◆ Exercise directions:
Your copy of the data below must be exact and must leave out all pictures.

◆ Material provided:
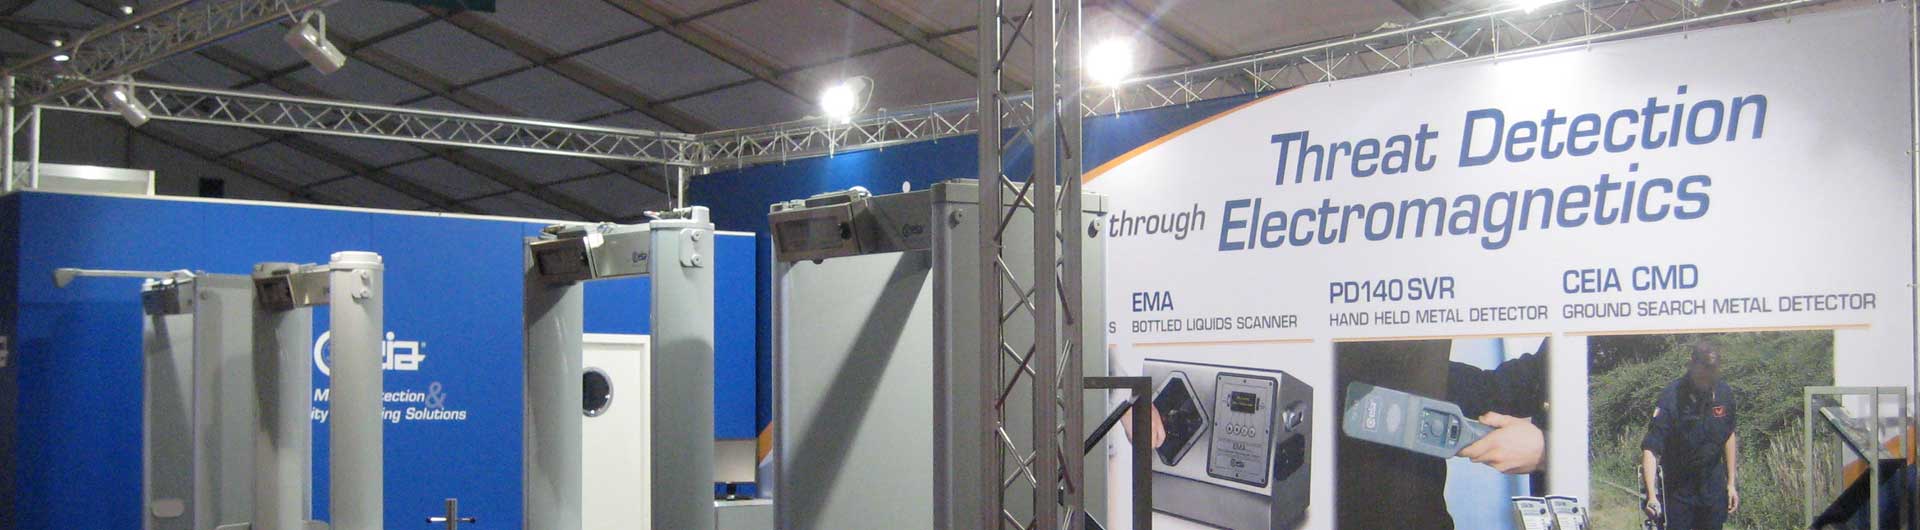 CEIA Exhibition Stand
 Image
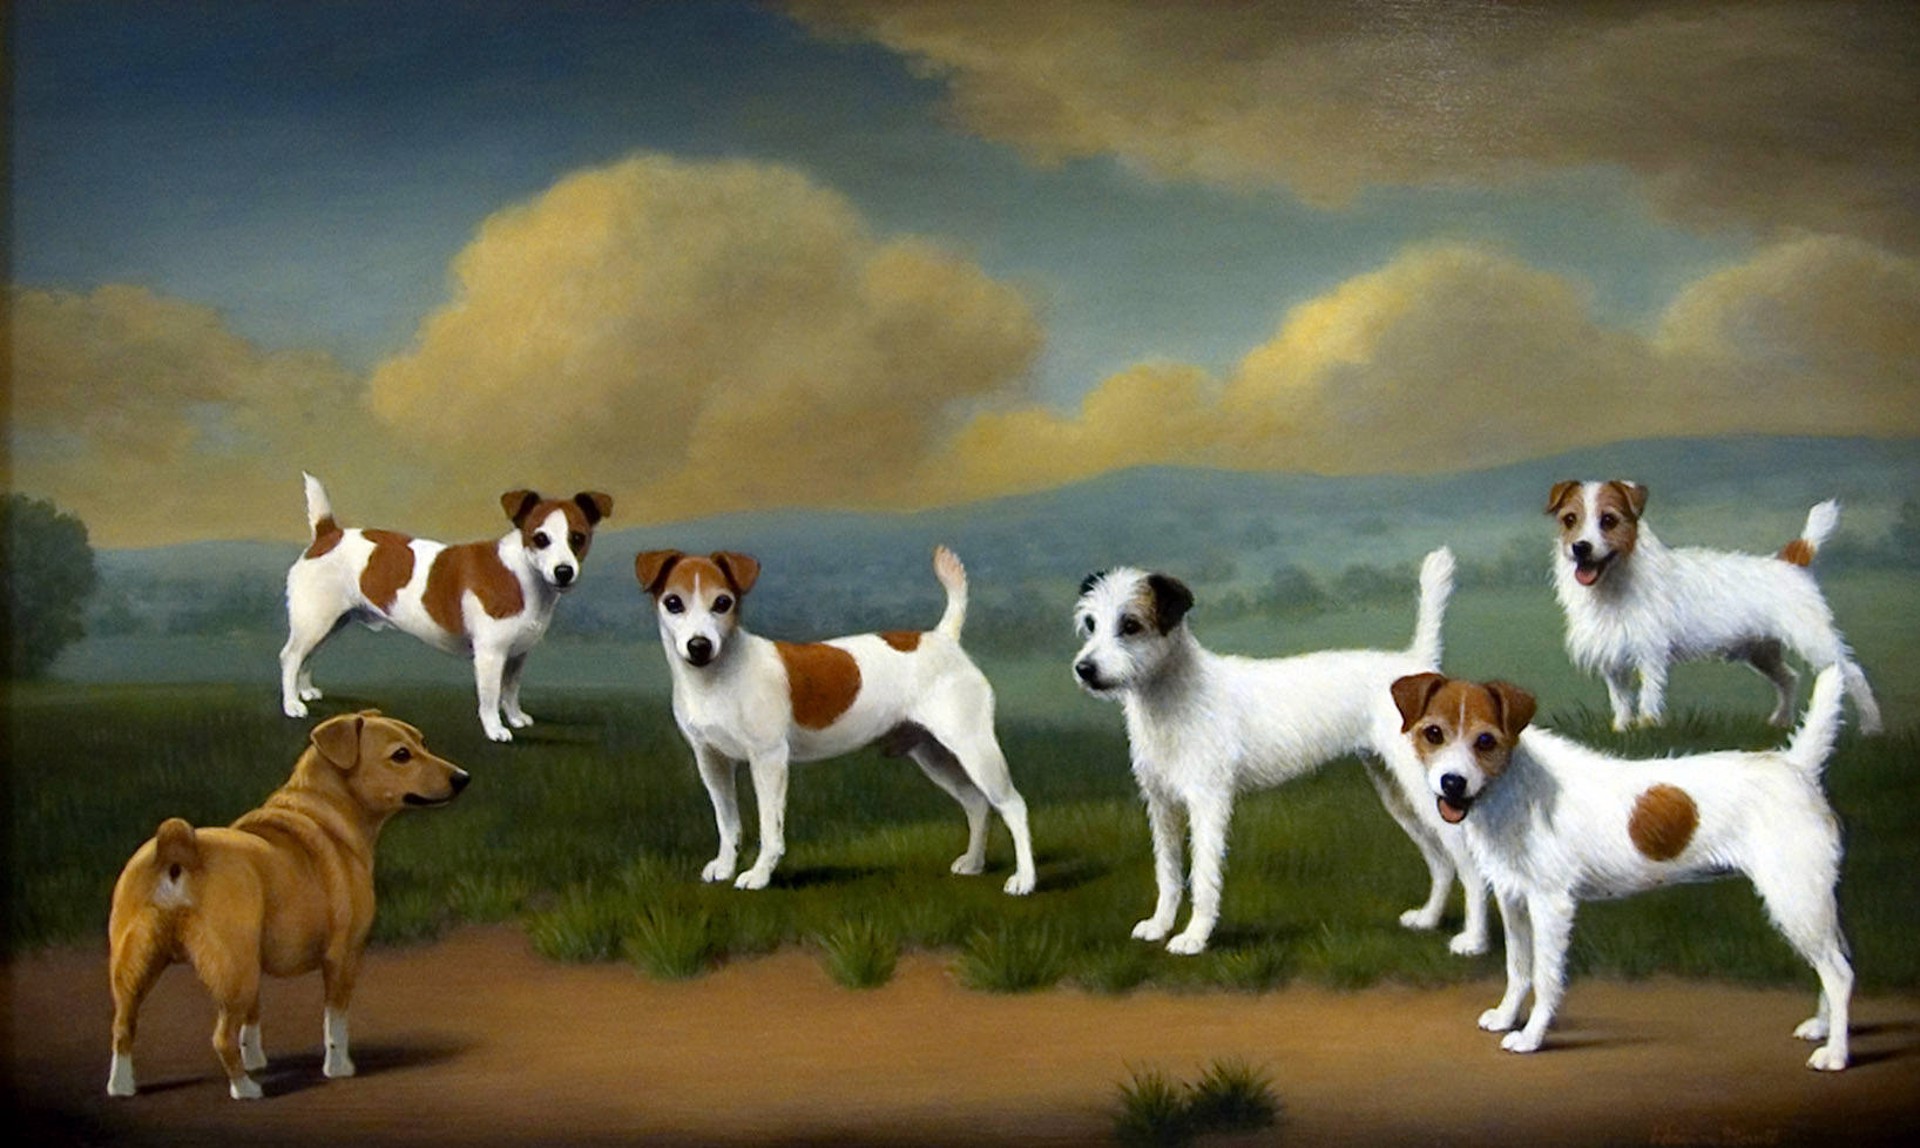 Parson Russell Terriers and One Jack Daniels, 2006 by Christine Merrill
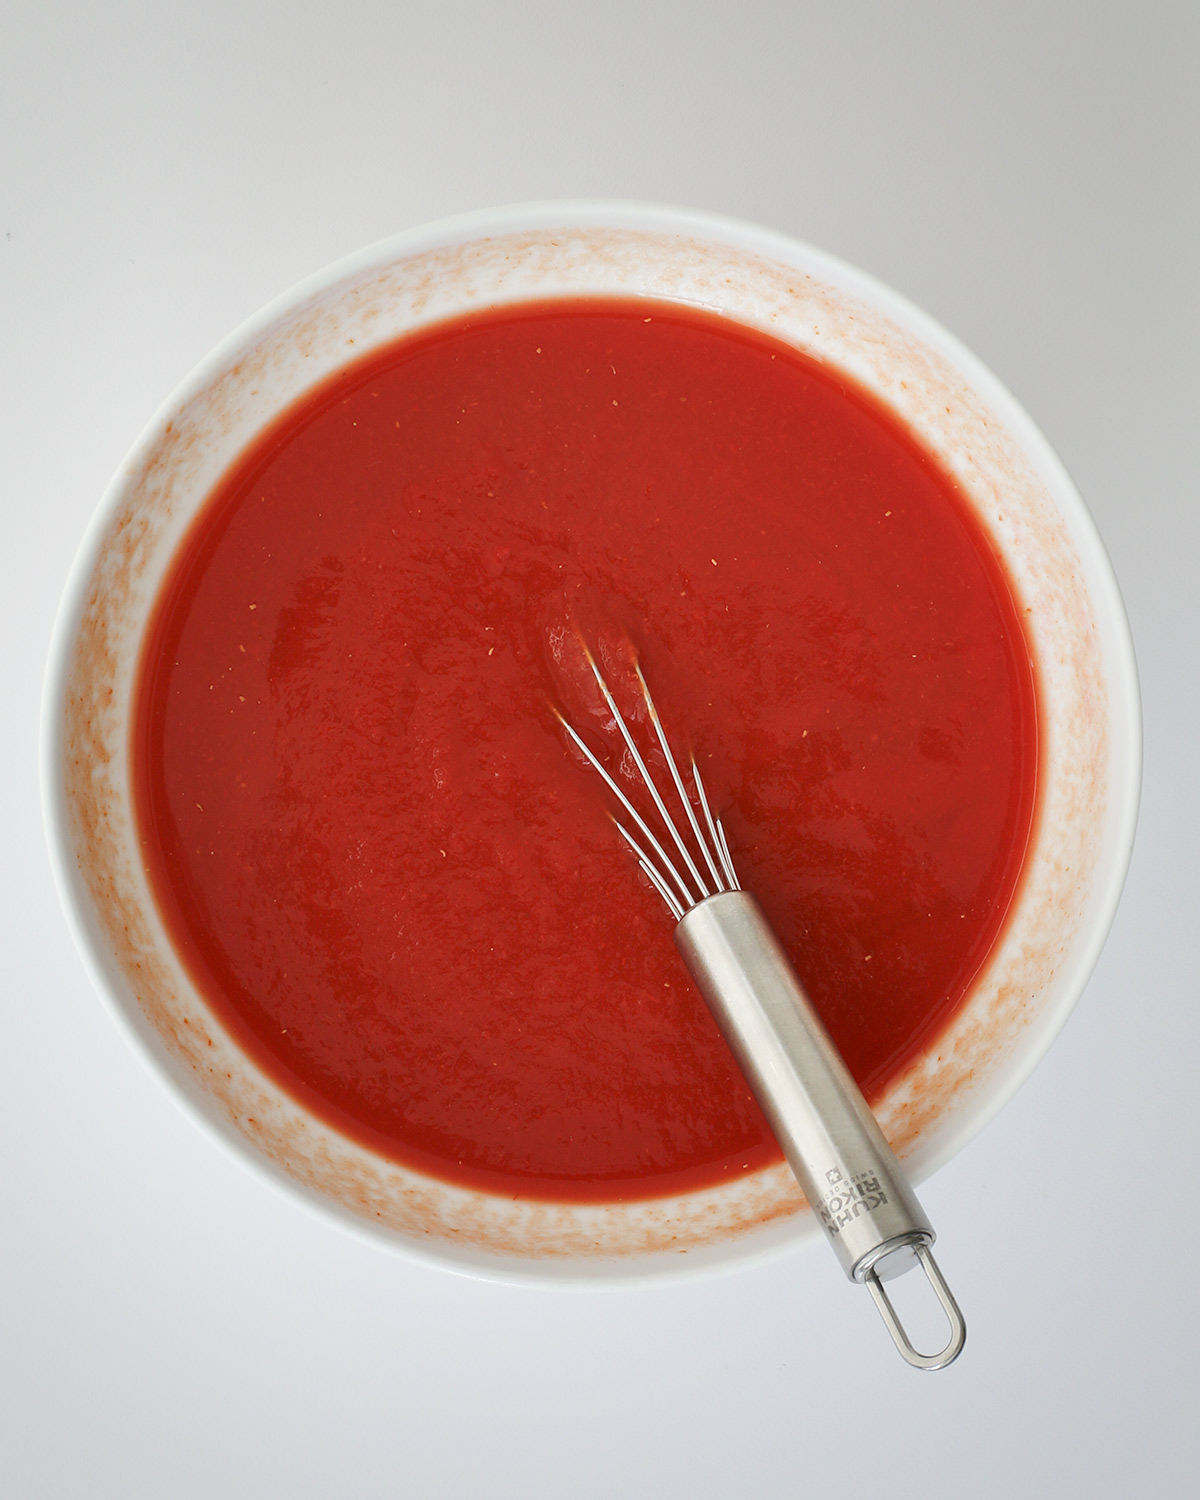 water and tomato paste whisked together in a white bowl.

◆ Exercise solution:
 CEIA Exhibition Stand
 Image
 Parson Russell Terriers and One Jack Daniels, 2006 by Christine Merrill
 water and tomato paste whisked together in a white bowl.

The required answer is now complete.